Step 2: We will be writing this code using High Peformance Fortran. A necessary first step is to issue some magic incantations. in your .cshrc file. See the documentation mentioned on this page. Next step is grabbing the code:

cp ~edelman/grid_homework/sor_cshift.hpf/*.hpf

You should obtain four hpf files. Each one of these files is performing the same operation. It is computing the effective resistance and voltages of a grid of resistors. They may all be compiled with the pghpf command. BU's HPF guide is terrific. Skim chapters 1 through 3. You will find out that to run the code on four processors you can type

 sor_cshift -pghpf  -np 4

and also you can get statistics via

 sor_cshift -pghpf -np 4 -stat cpus

, but you may want to run fewer iterations. See Chapter 3 specifically.

Each program is only one page long. Also please note the assignment checklist at the end of this document.

You should also take a look at the .f90 versions of the same programs. They may be compiled with the f90 compiler. For me to turn the hpf codes into f90, all I needed to do was change the initial comment character, change the continuation lines, and add the D0 after the constant for pi. (Do a diff to see for yourself.) I did not notice the D0 until I figured out that the two programs were giving slightly different answers. A previous student in this class (Pete McCorquodale) discovered a similar necessity when porting MPI programs to the SP2.

The problem is to compute the voltages and the effective resistance of a 2n+1 by 2n+2 grid of 1 ohm resistors if a battery is connected to the two center points. This is a discrete version of finding the lines of force using iron filings for a magnet.

A contour plot of the answer (for a larger value of n) looks like

The method of solution that we will use here is successive overrelaxation (SOR) with red-black ordering. This is certainly not the fastest way to solve the problem, but it does illustrate many important programming ideas.

It is not so important that you know the details of SOR. (Some of the basic ideas may be found on pages 407-409 of Gil Strang's Introduction to Applied Mathematics, somewhat more in depth discussion may be found any serious numerical analysis text such as Stoer and Bulirsch's Introduction to Numerical Analysis.) What is important is that you see that the nodes are divided in half into red nodes and black nodes. During the first pass, the red nodes obtain the voltages as a weighted average of their original voltage, the input (if any) and the four surrounding black nodes. During the second pass, the black nodes obtain voltages from the four surrounding red nodes. In the infinite limit, the process converges to the correct answer.

Let us have a look at the first two programs sor_cshift and sor_eoshift. These programs define a 2n+1 by 2n+2 matrix v for voltages, and two logical arrays, red and black for the red/black nodes. The first and last rows and columns (the boundary) are never modified, they are "grounded", have voltage 0. The difference in the two programs is only that while in the first one the voltage of the neighbors is added by cshift, the second uses eoshift for the same thing. In 1994 on the CM5, we assigned this problem to 18.337 and found a big difference in the performance in the two codes. It is a nuisance that such small choices can radically affect the performance. In 1995, we saw that the cshift version is only slightly faster than the eoshift version.
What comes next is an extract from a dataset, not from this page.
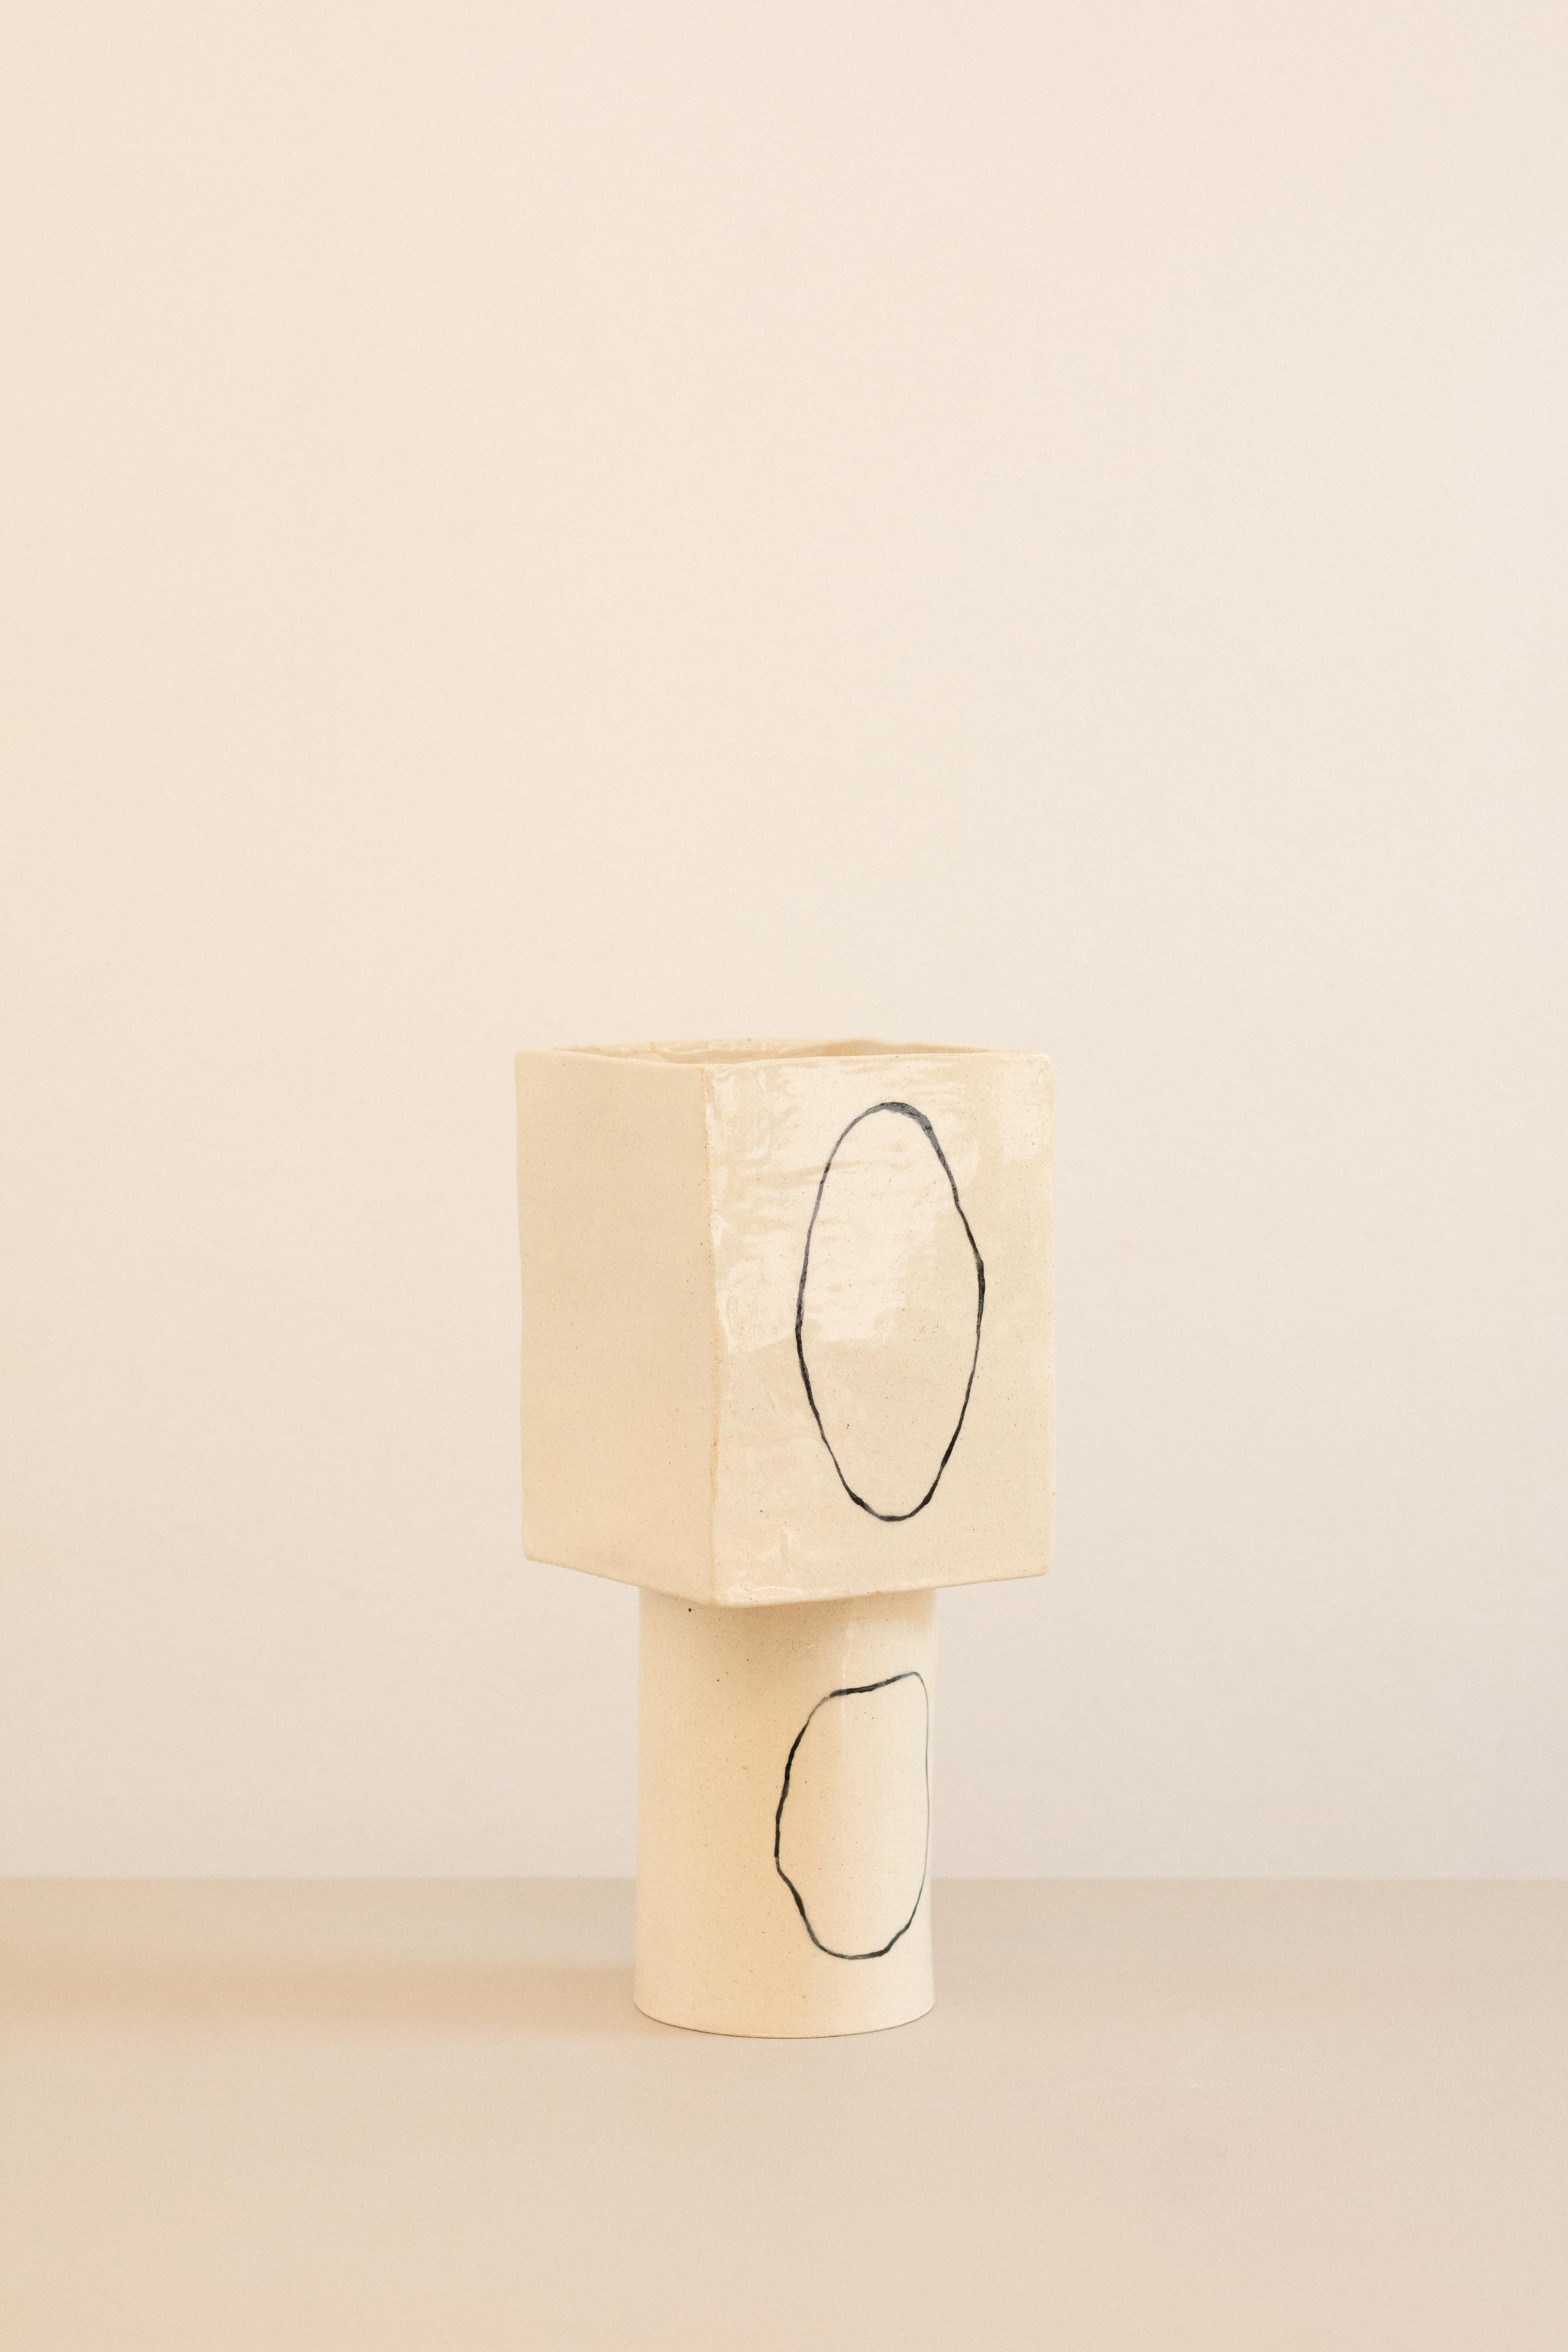 Ceramic contemporary white ceramic vase inspired in Miró - ZERO serie - obj01, brazil  For Sale
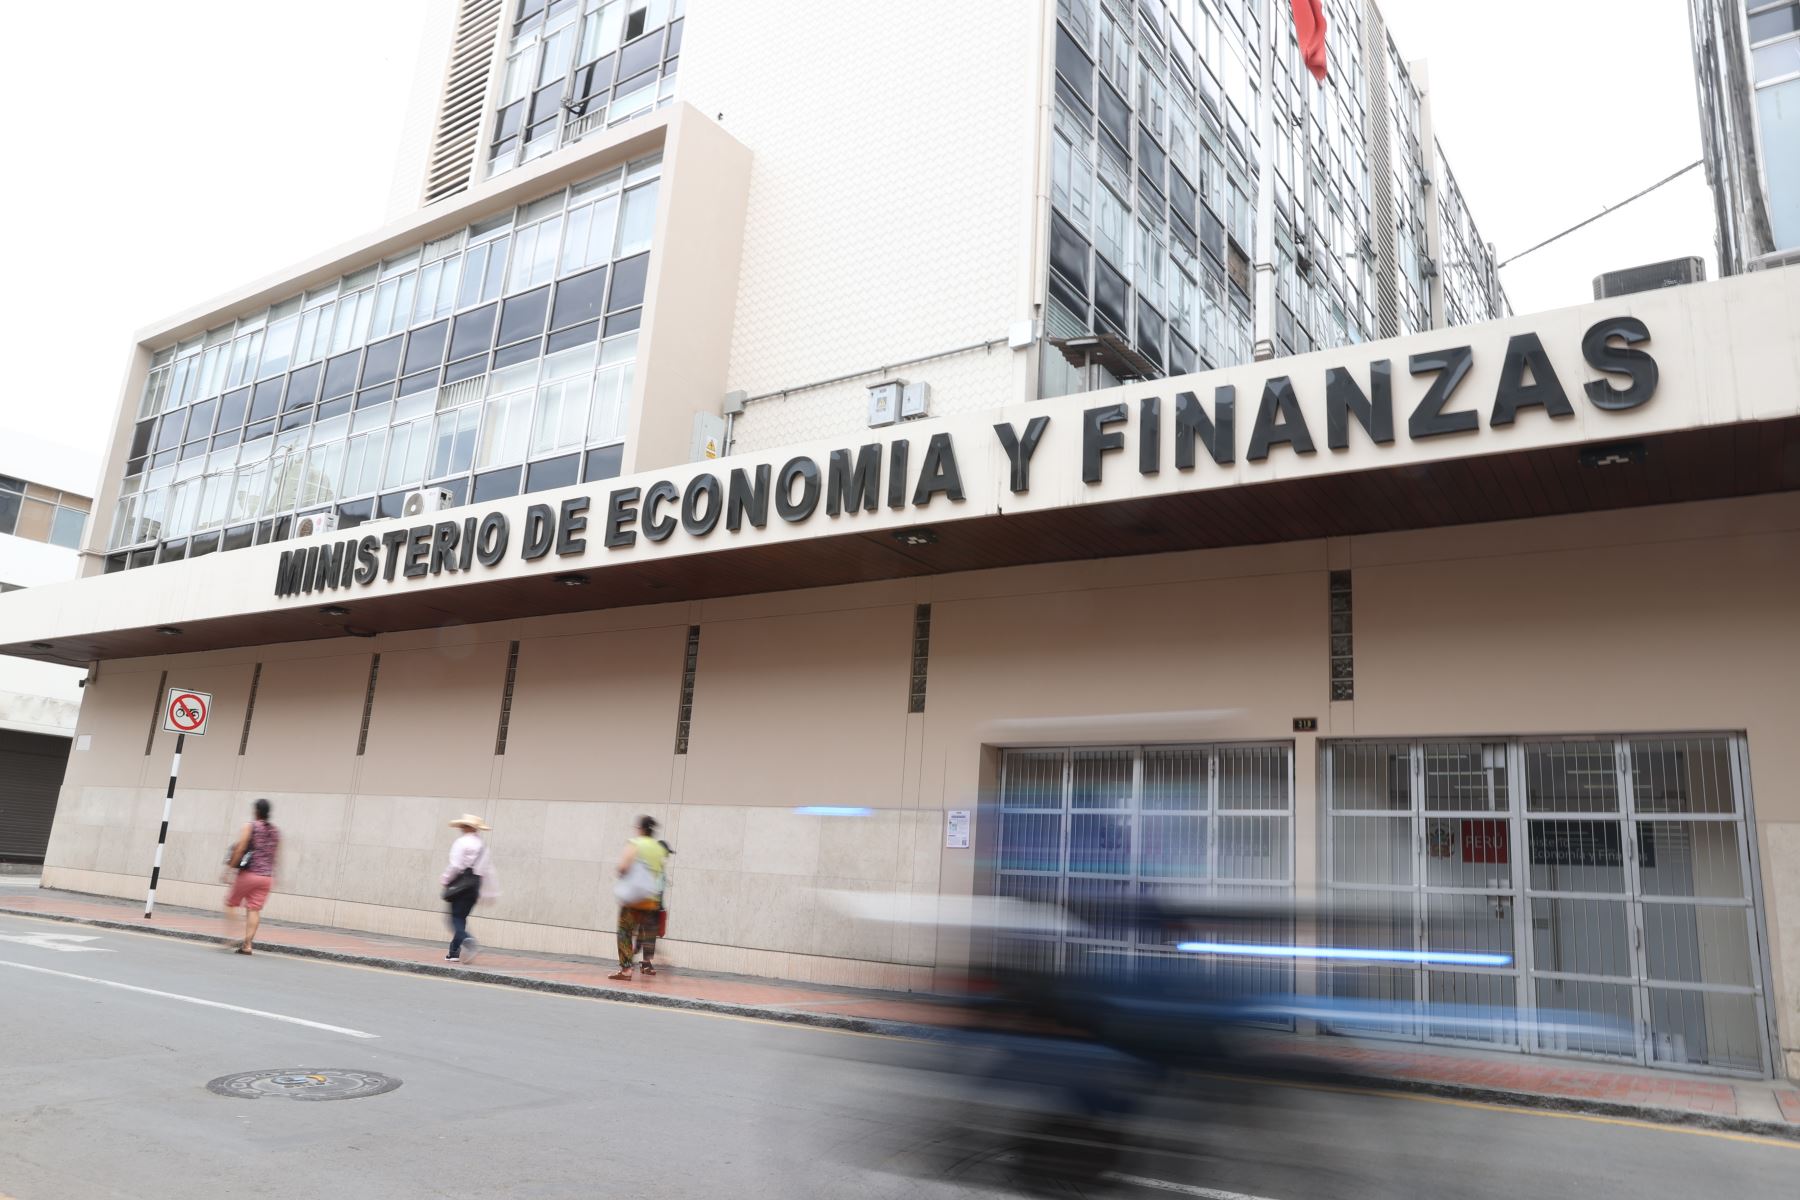 Sede del Ministerio de Economía y Finanzas (MEF) en el centro de Lima. Foto: ANDINA/Jhonel Rodríguez Robles

The third program sor_arraysection uses a quite different approach: both reds and blacks are determined as two array section ("odds and evens"). Information from neighbors is obtained directly through shifting the array sections.

We would like you to time say 200 (or whatever you like) iterations by the CM_timers. The time for array sections on the CM5 wass very bad; array sections as they were implemented on the CM-5 incurred a huge amount of overhead.

Your first programing assignment is the following: implement the analogous problem on a 2n+1 by 2n+1 by 2n+2 grid in three dimensions. Pick whichever code or code you prefer. This may still be done with two colors. The value of the optimal mu you have to use is 2*cos(pi/(2*n))+cos(pi/(2*n+1)))/3. Next solve the problem in four dimensions, with mu = (3*cos(pi/(2*n))+cos(pi/(2*n+1)))/4. Can you guess the effective resistances of the various meshes as n --> infinity ?

Let's get smarter. Look at chapters 4 and 5 of the HPF manual and let's see if with a few compiler directives, we can't improve the performance tons.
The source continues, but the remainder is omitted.